Participants felt a sense of ownership over their blood or their contribution to the research study, finding meaning even in non-pertinent or negative results. Although all participants were aware that only pertinent results would be returned, they mentioned the value that they still placed on the non-pertinent findings and negative results as they perceived it as a result which could provide answers to issues relating to future health, for themselves or their child, or offer a chance to be involved in forthcoming research studies. These findings resonate with results of other African and South African studies considering the parental preferences and expectations of feedback of findings from genomic research studies (Matshabane et al. 2020; Ralefala et al. 2021, 2022). The authors identified that participants expressed a strong interest in receiving secondary results as they were viewed as valuable because they could empower or emancipate individuals or motivate healthier lifestyle choices. While other international studies identified that participants found meaning in results of uncertainty and believed that knowledge about such results and analysis would grow, yielding answers in the future outcomes (Halverson et al. 2016; Miller et al. 2008). It may be important to consider the anticipated value and meaning participants attribute to results in addition to assessments of clinical utility or medical actionability, as participants may classify these concepts differently to researchers (Holm et al. 2015). Participants in our study clearly described that negative results would also be a valuable return for their participation in the NeuroDev study, albeit the lack of an answer as to the cause of their child’s condition. They viewed such a result as an answer, with the potential to bring closure, peace and acceptance, perhaps through the knowledge of having done all they could. Reasons for wanting all generated results stemmed from a need to plan for the future, to provide quality of life, to inform personal health risks and to promote future research and information discovery. This finding was communicated back to the NeuroDev study. After receiving approval from the Institutional Review Board and Research Ethics Committee, the NeuroDev policy was updated to include the return of negative findings to participants.

Limitations

Whilst our study has shed some insight into what South African NeuroDev participants would like to know, the sample was small and narrowly tiered for a particular set of conditions.
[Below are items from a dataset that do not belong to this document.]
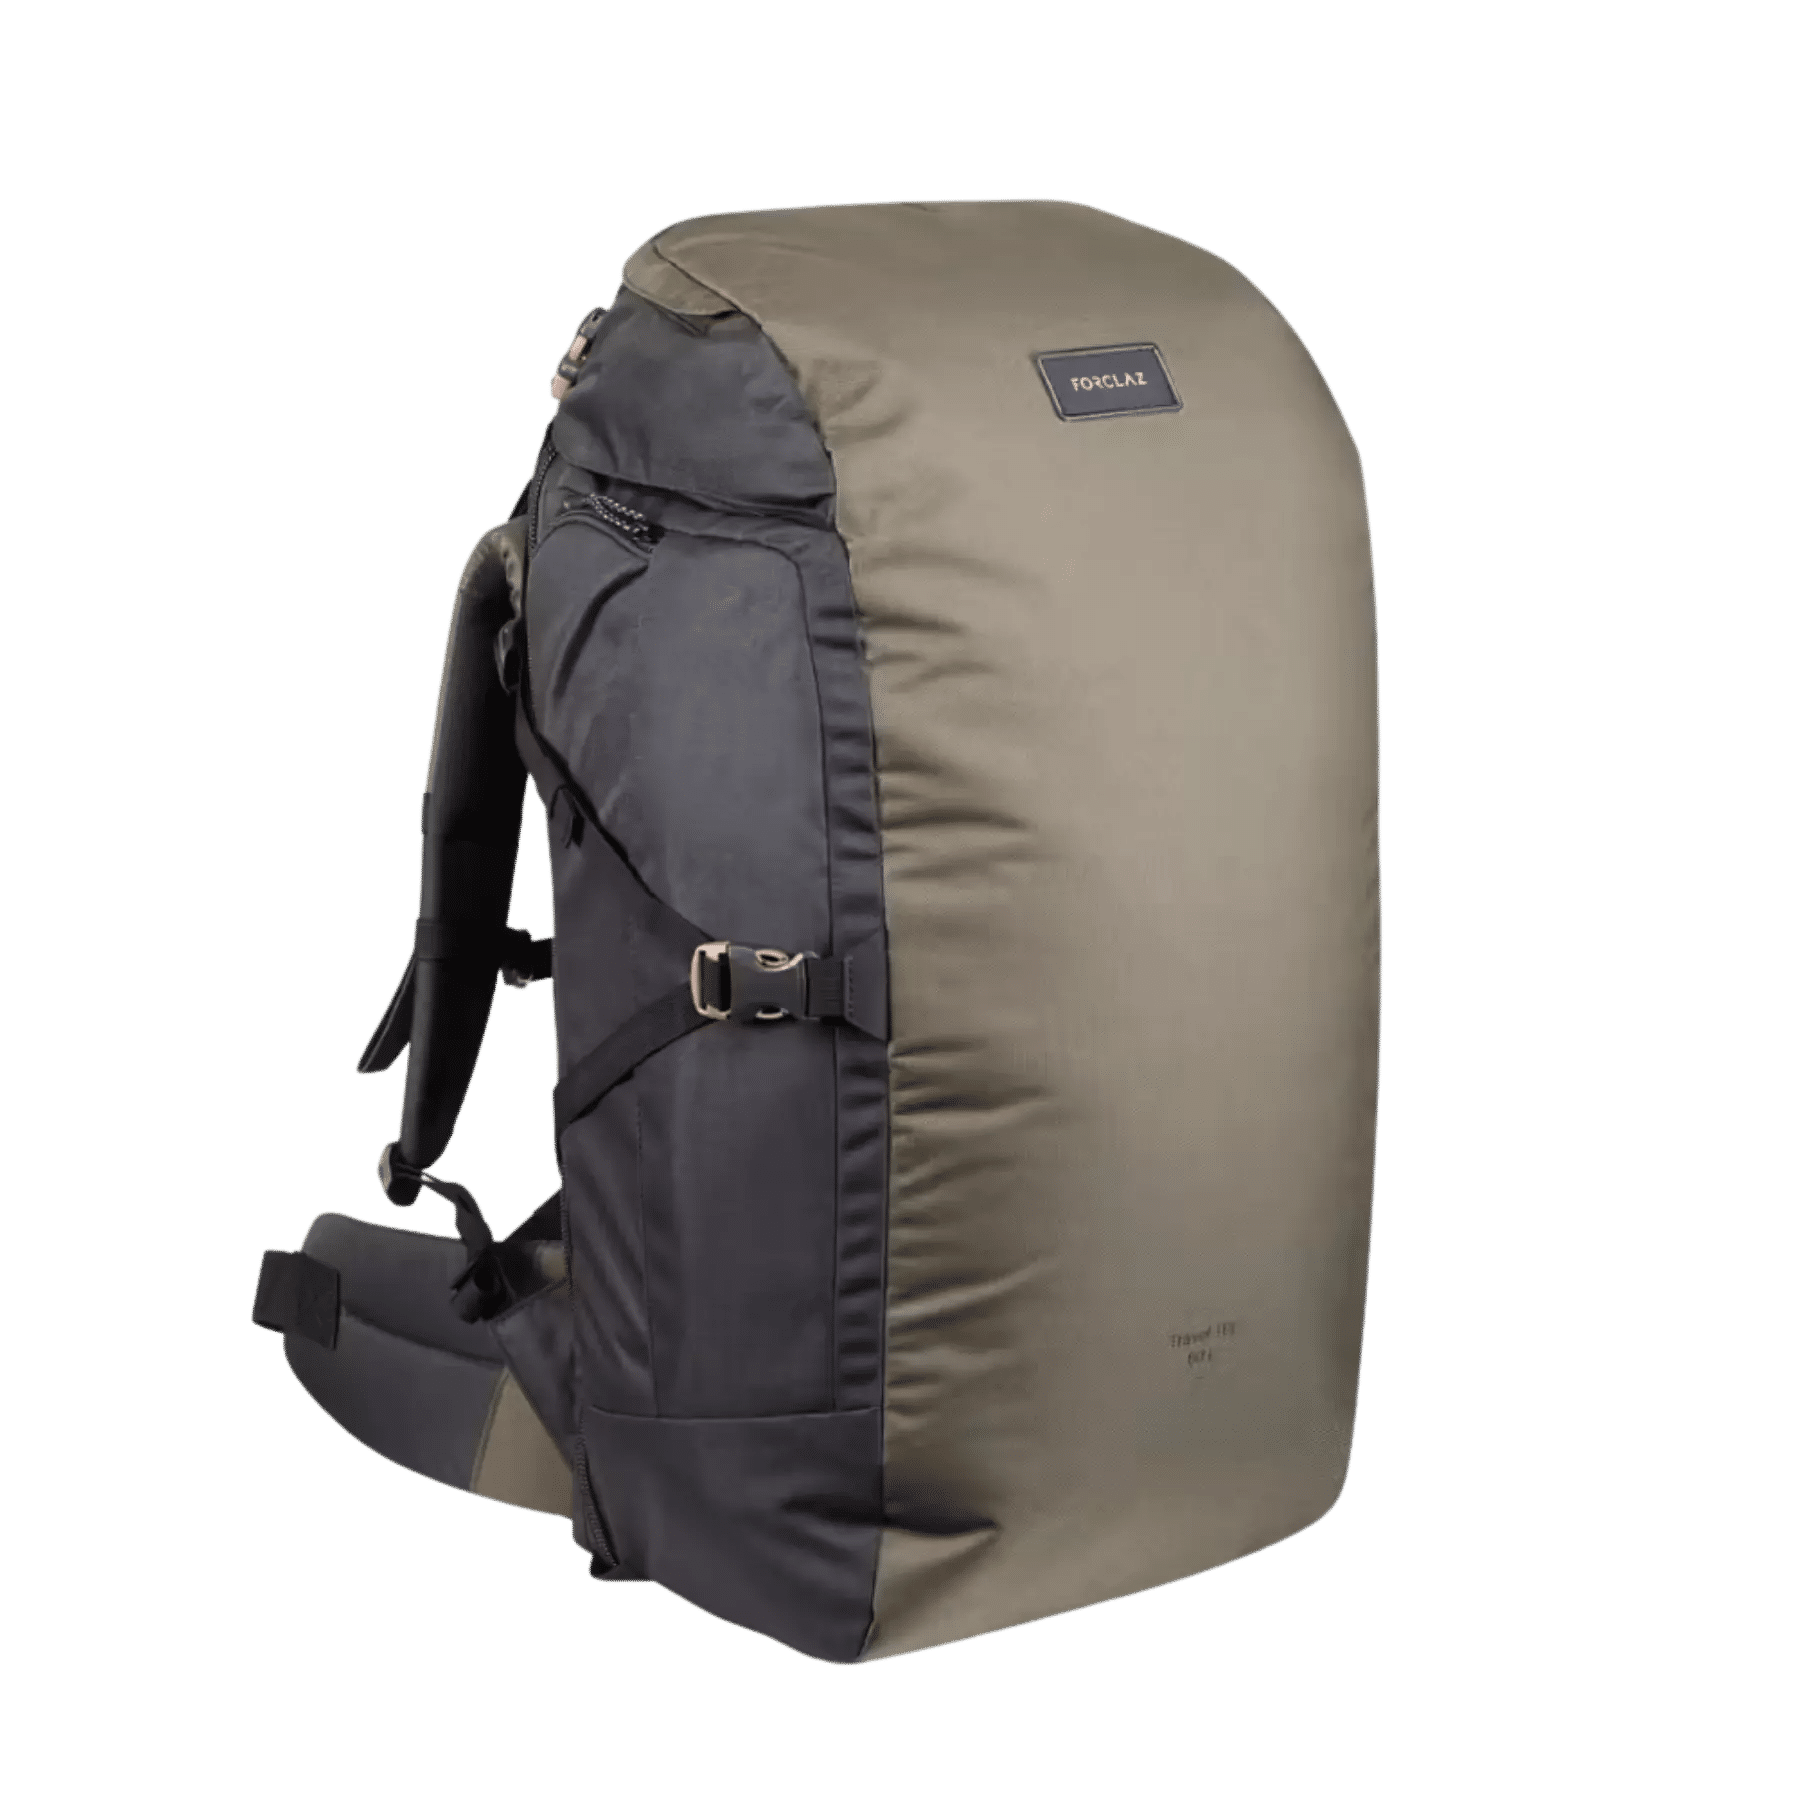 These are product images of 60L Backpack on rent by SharePal.
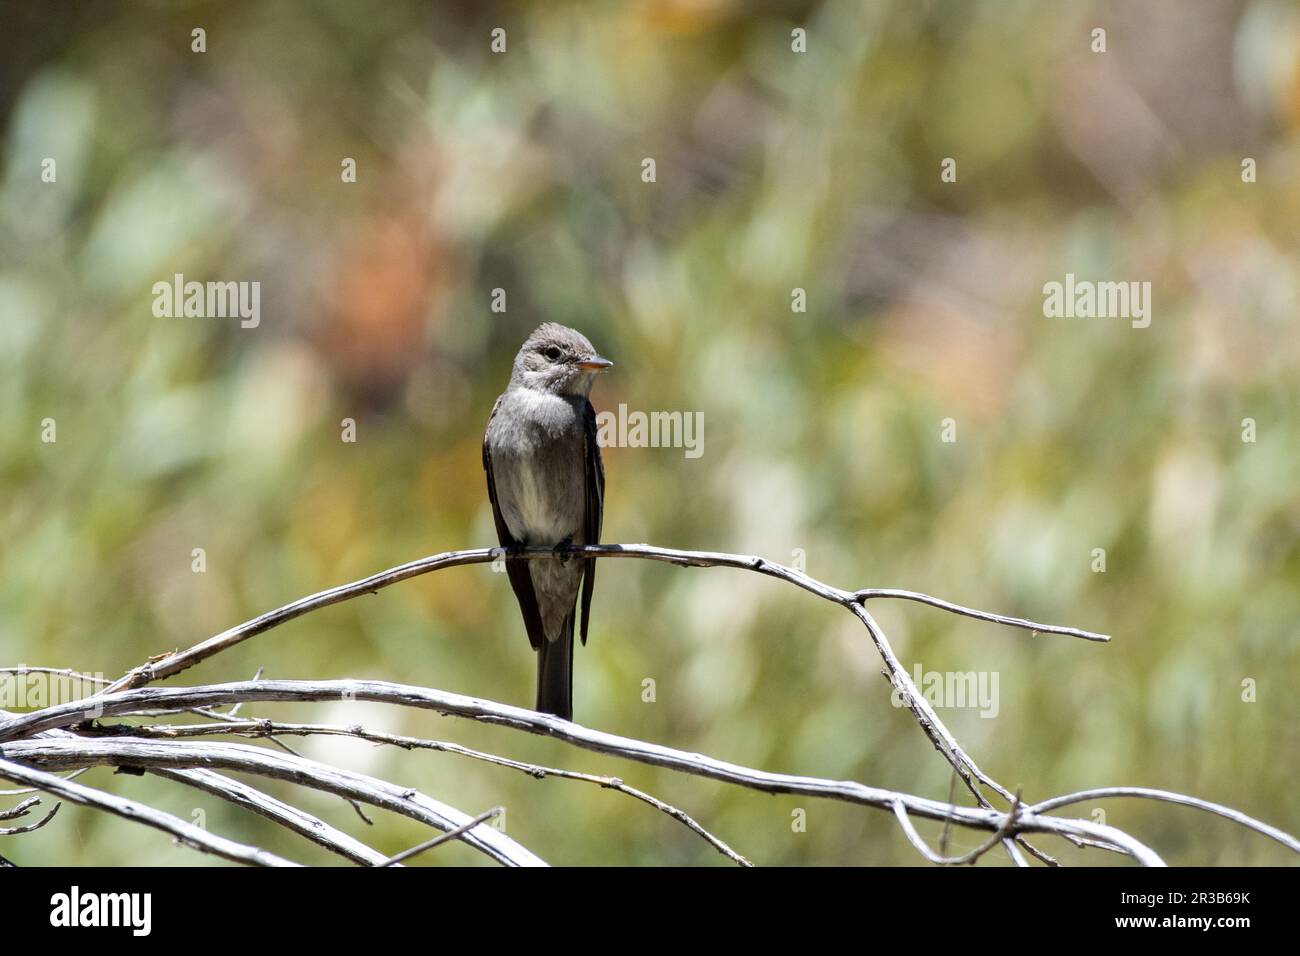 Western wood pewee sitting on a perch Stock Photo
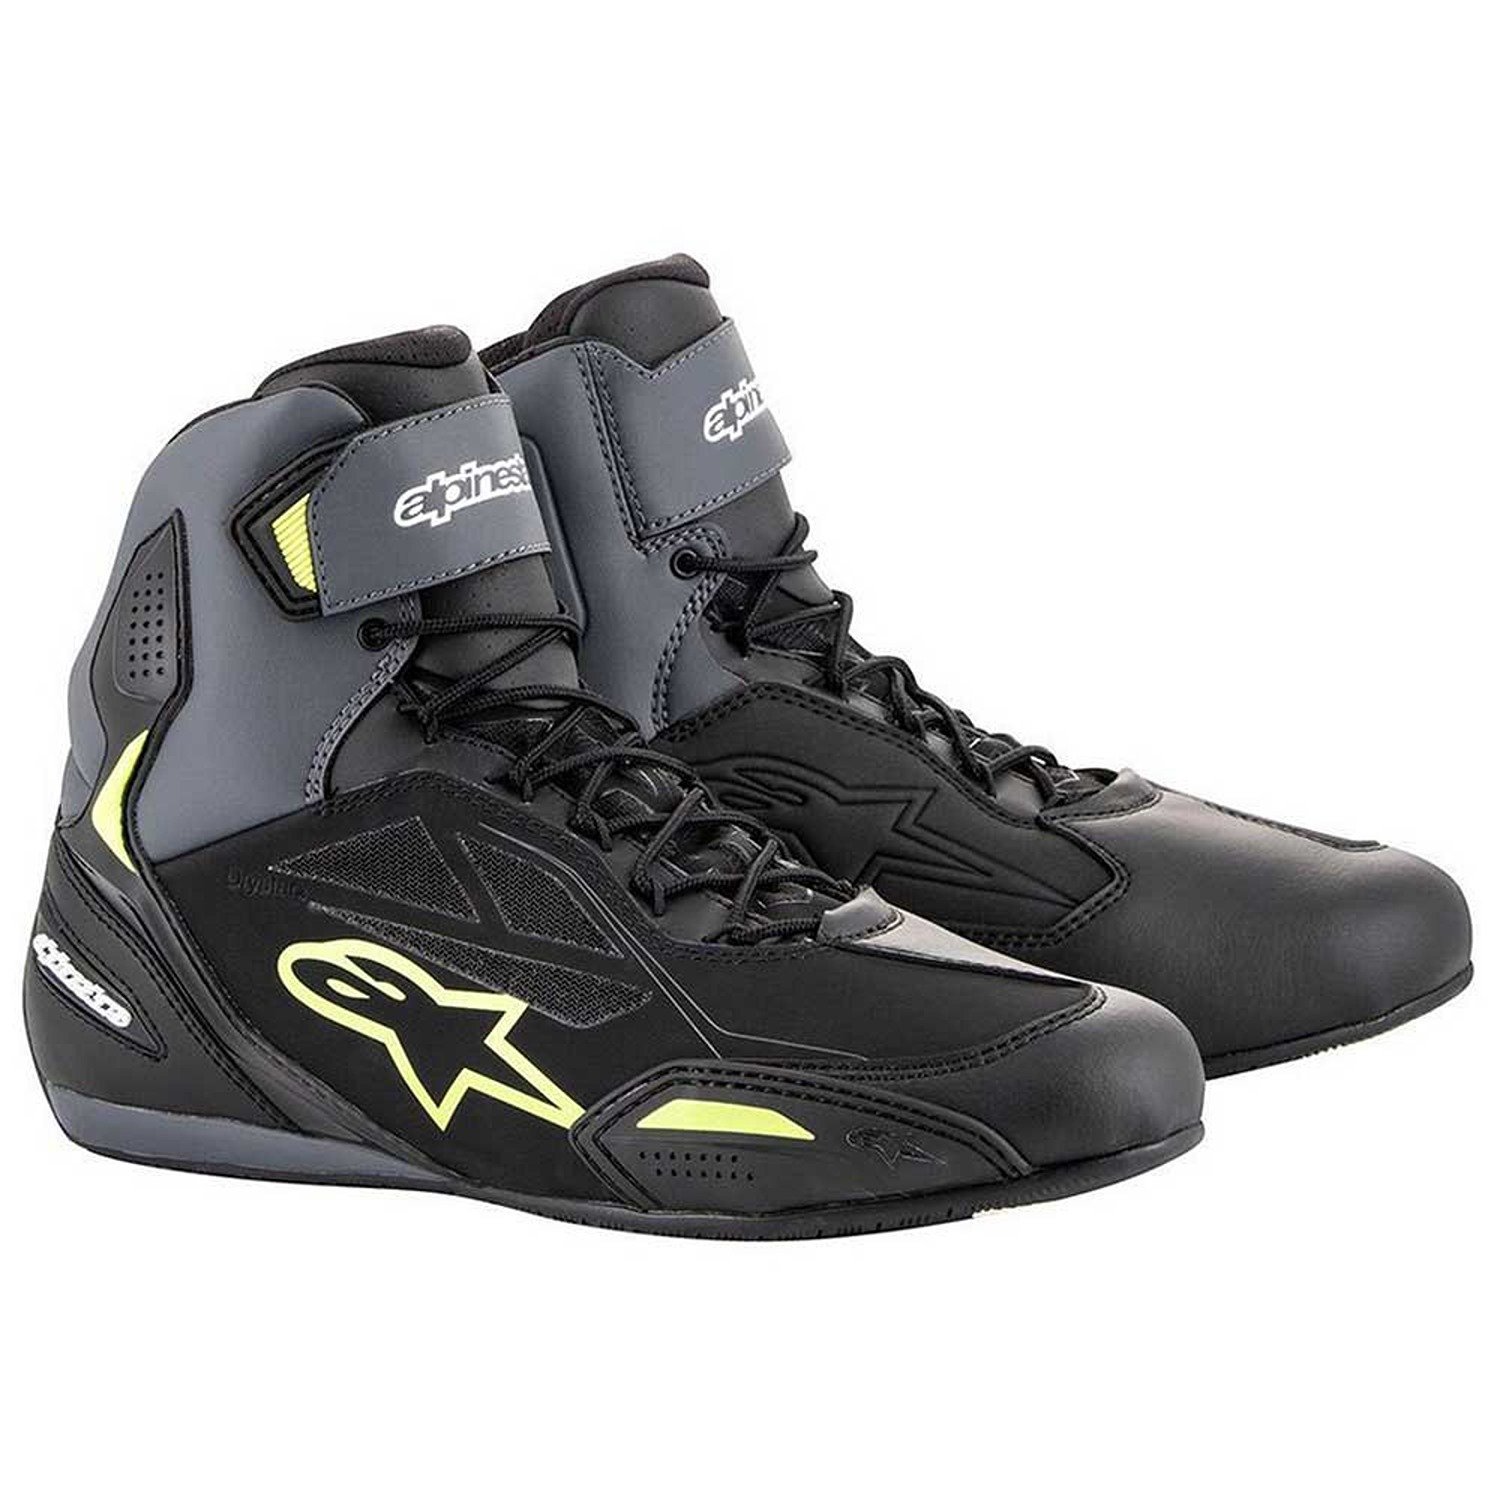 Image of Alpinestars Faster-3 Shoes Black Yellow Fluo Size US 95 EN

Data may additionally be skewed by the fact that purposive sampling was used whereby the views of those who could not be reached or who declined were not represented. As a result, our findings may not be generalizable to other communities/ethnic groups or regions within South African or countries across the African continent. Sociodemographic data beyond gender and ethnic background was not obtained, although these could have had important influences on participant’s coping mechanisms.

Conclusion

There is limited literature that documents the views of African families with regards to the expectations for the return of individual genetic findings in genomics research. Our study provides evidence on the views of South African participants with regards to expectations and preference for return of results. It will be important to consider these findings in the feedback process, as well as the importance that these findings may have with regards to discussions around the development of best practices for African-specific guidelines which are contextually relevant. These may include an in-person result delivery session conducted by a member of the study team or familiar healthcare professional, feeding back negative results as well as consideration for a tiered-consent model to enable feedback of secondary findings for participants who would like to receive these.